Start of DATA

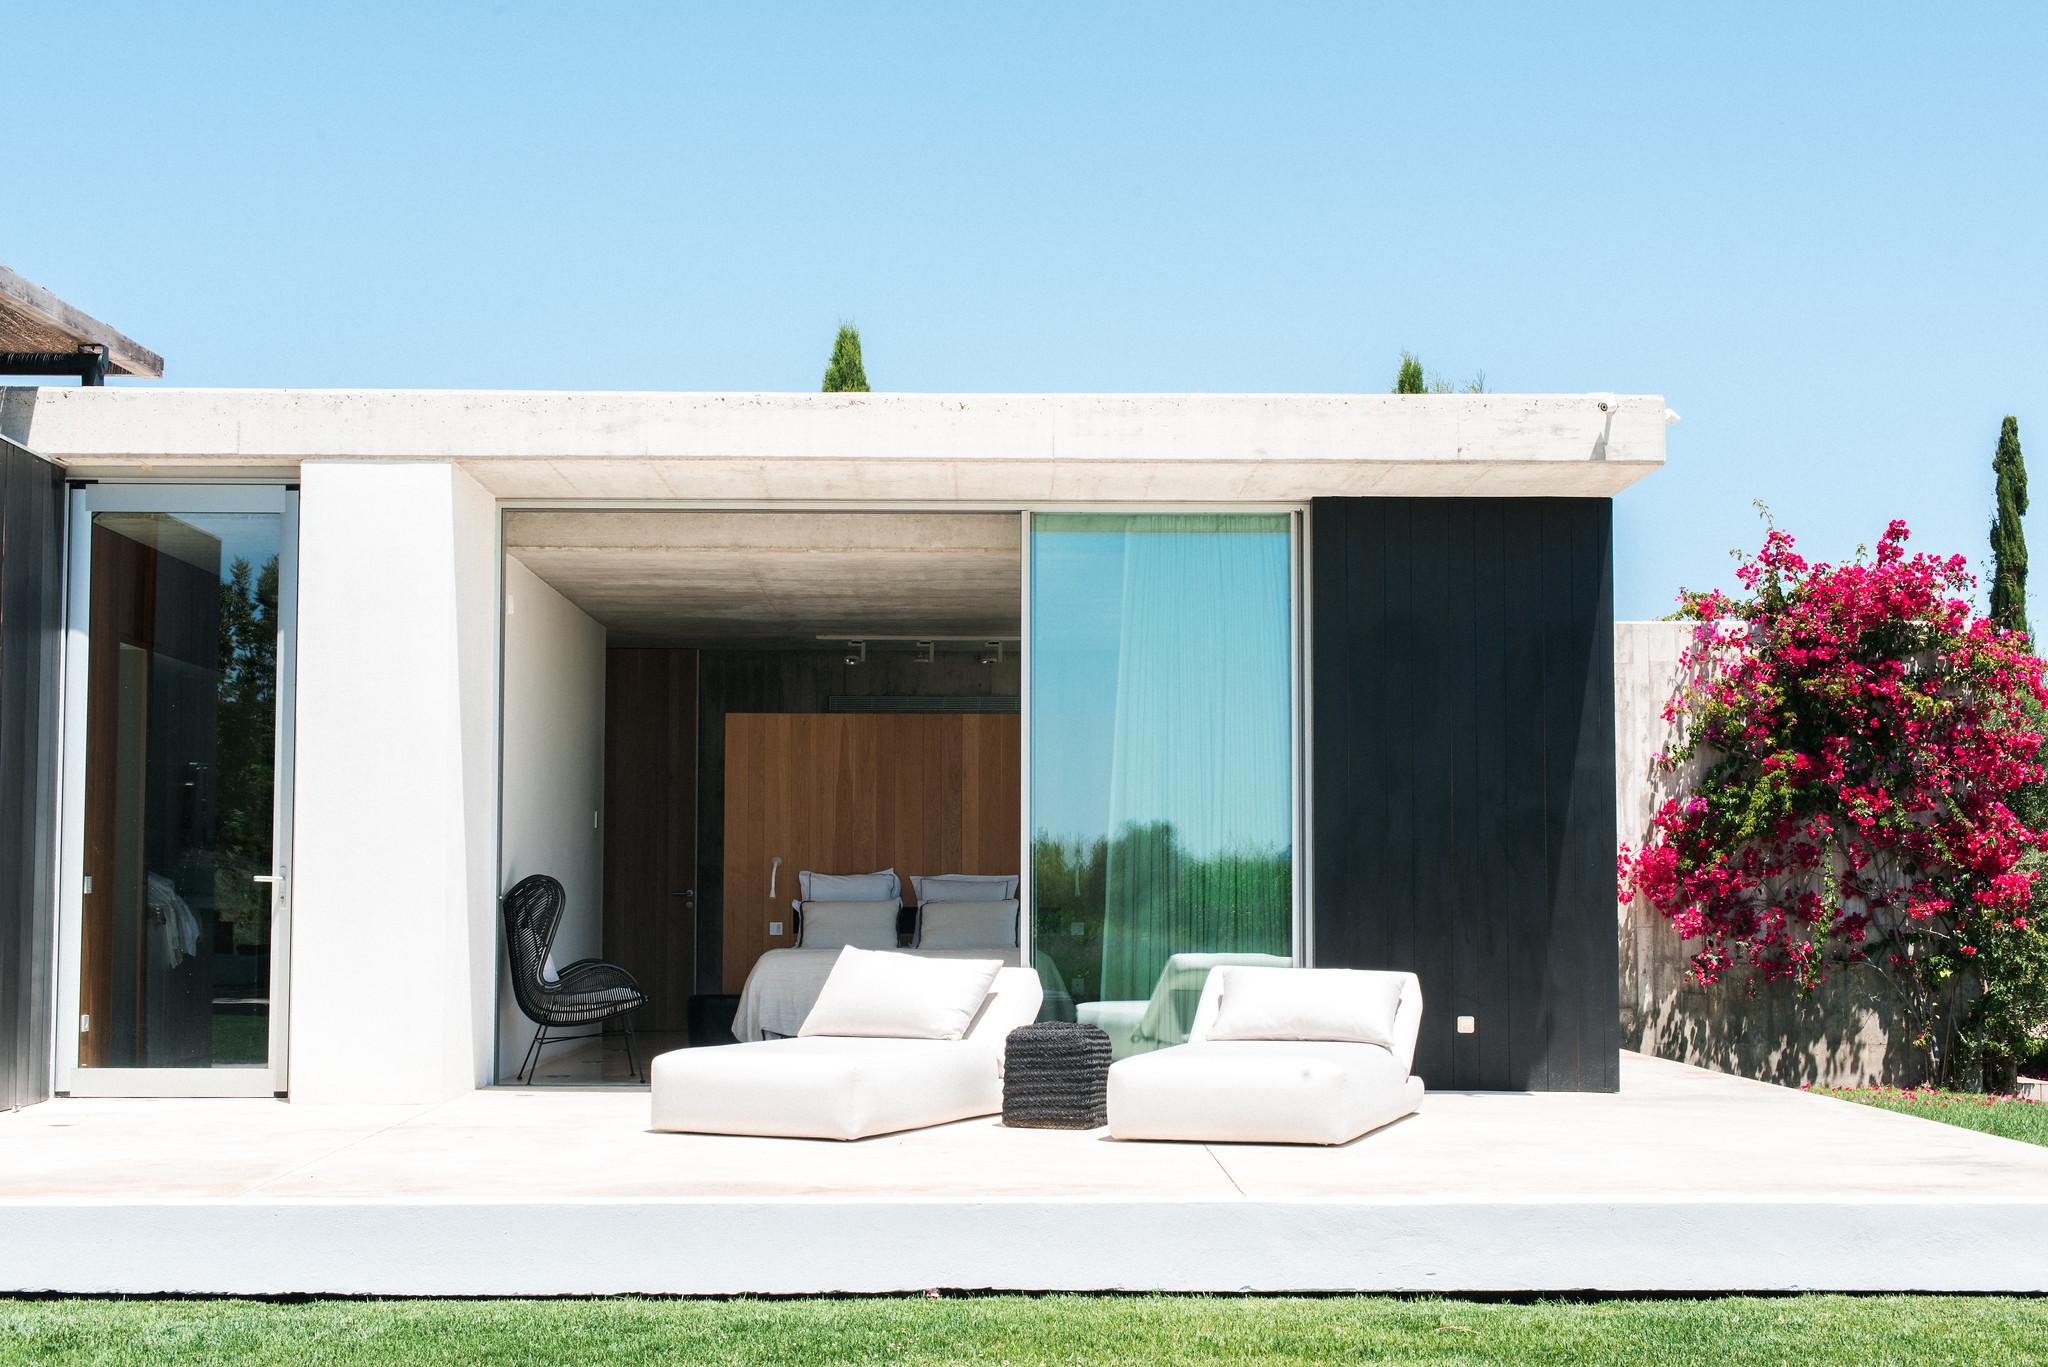 https://www.white-ibiza.com/wp-content/uploads/2020/06/white-ibiza-villas-casa-valentina-exterior-terrace.jpg
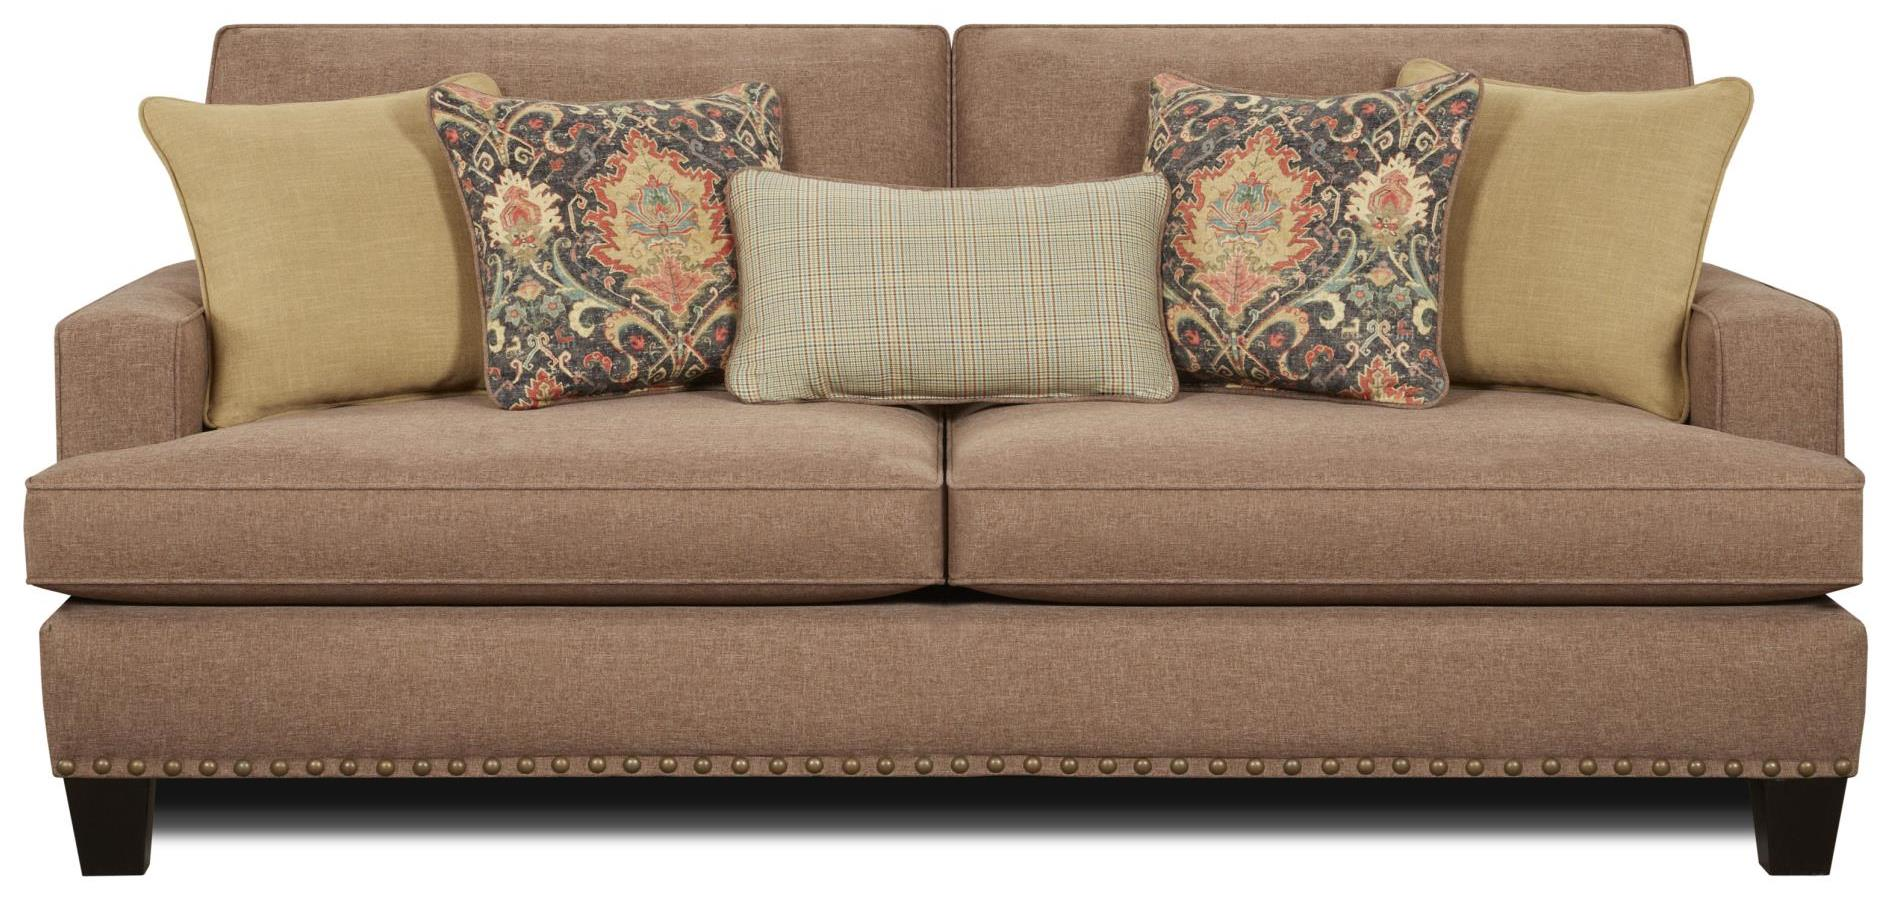 Fusion Furniture Monroe Sofa - Item Number: 2470-KPMaxwell Pecan
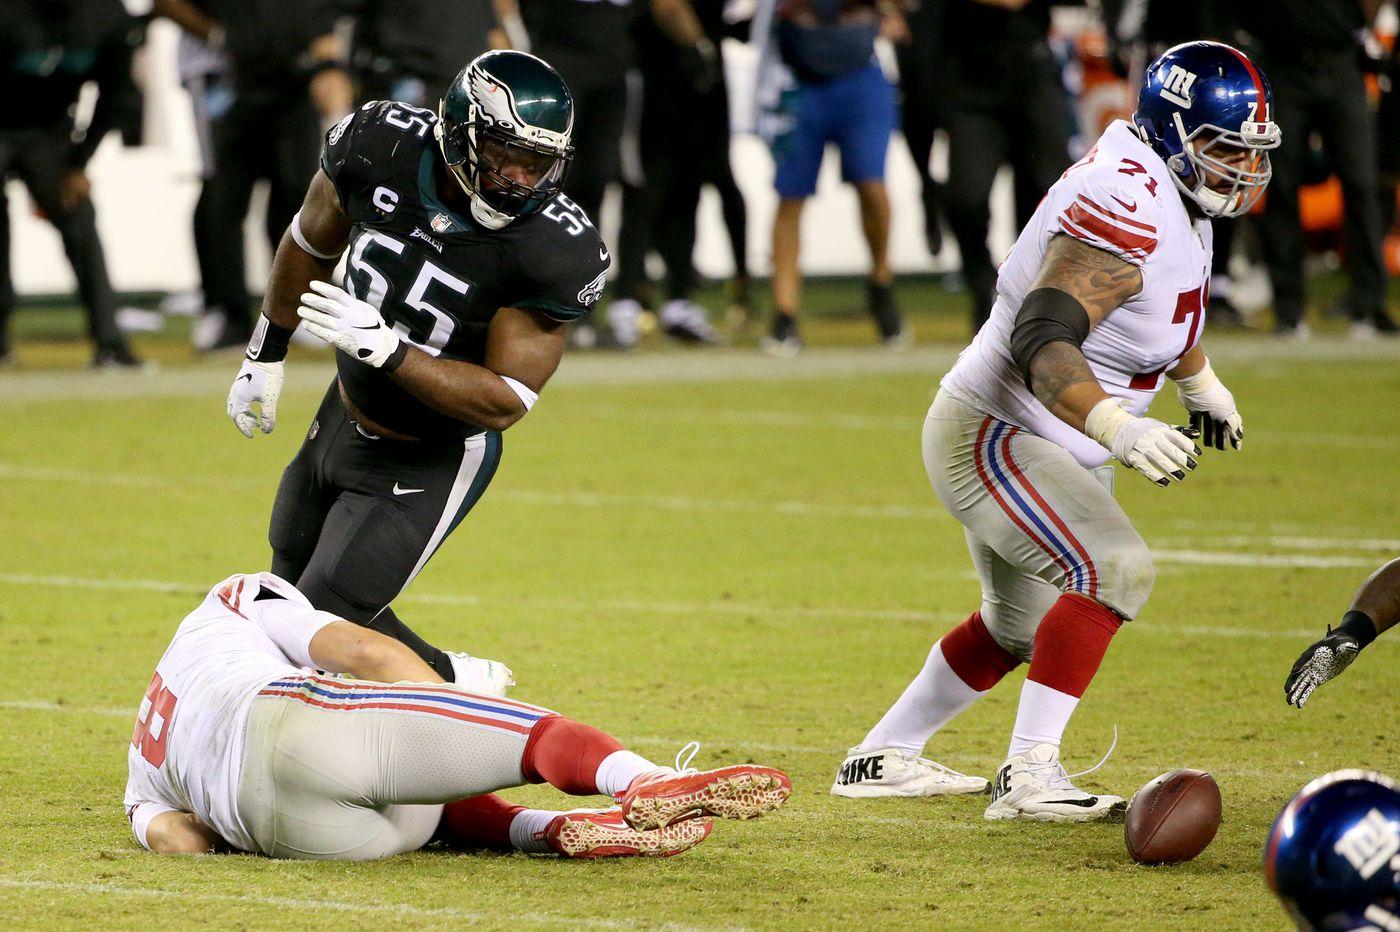 Eagles end Brandon Graham is finding quarterbacks less slippery this season
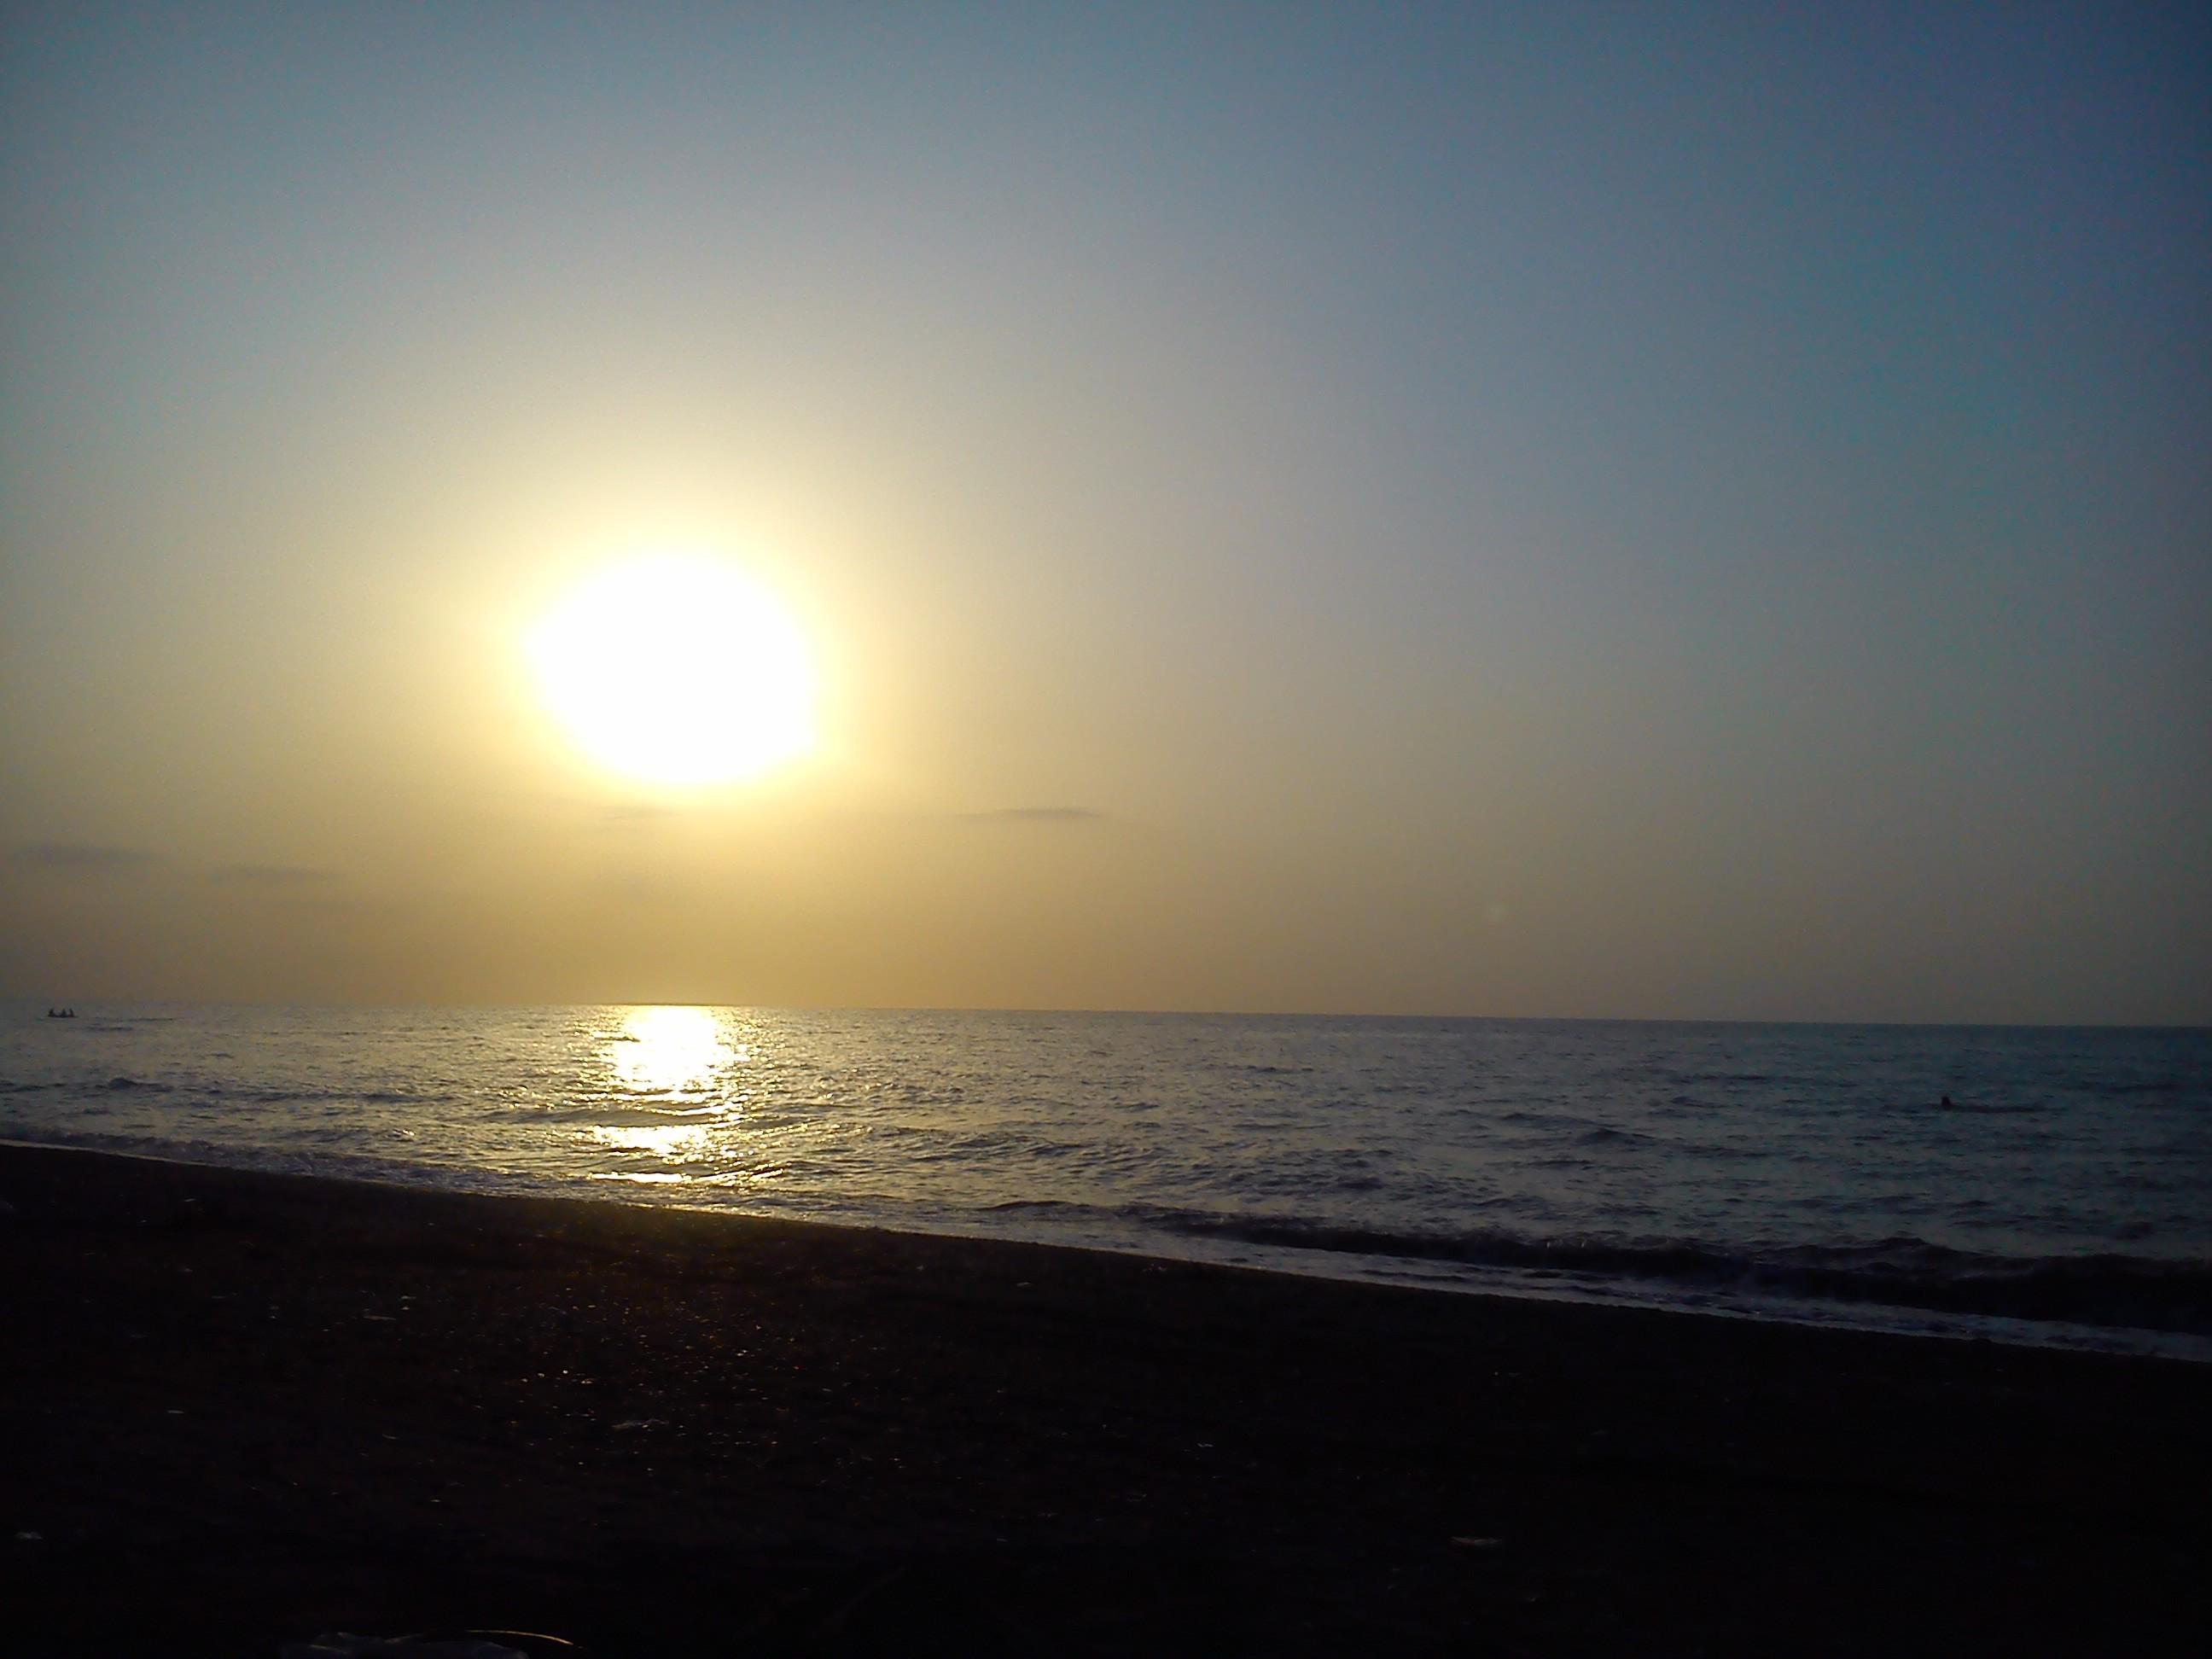 ساحل مرمر

End of DATA

* _YOUR OBJECTIVE_:
Give back exactly the lines from the one that contains "Fusion Furniture Monroe" to the final line of the data above, both included, with all pictures removed.

* _FINISHED TASK_:
 Fusion Furniture Monroe Sofa - Item Number: 2470-KPMaxwell Pecan
 Eagles end Brandon Graham is finding quarterbacks less slippery this season
 ساحل مرمر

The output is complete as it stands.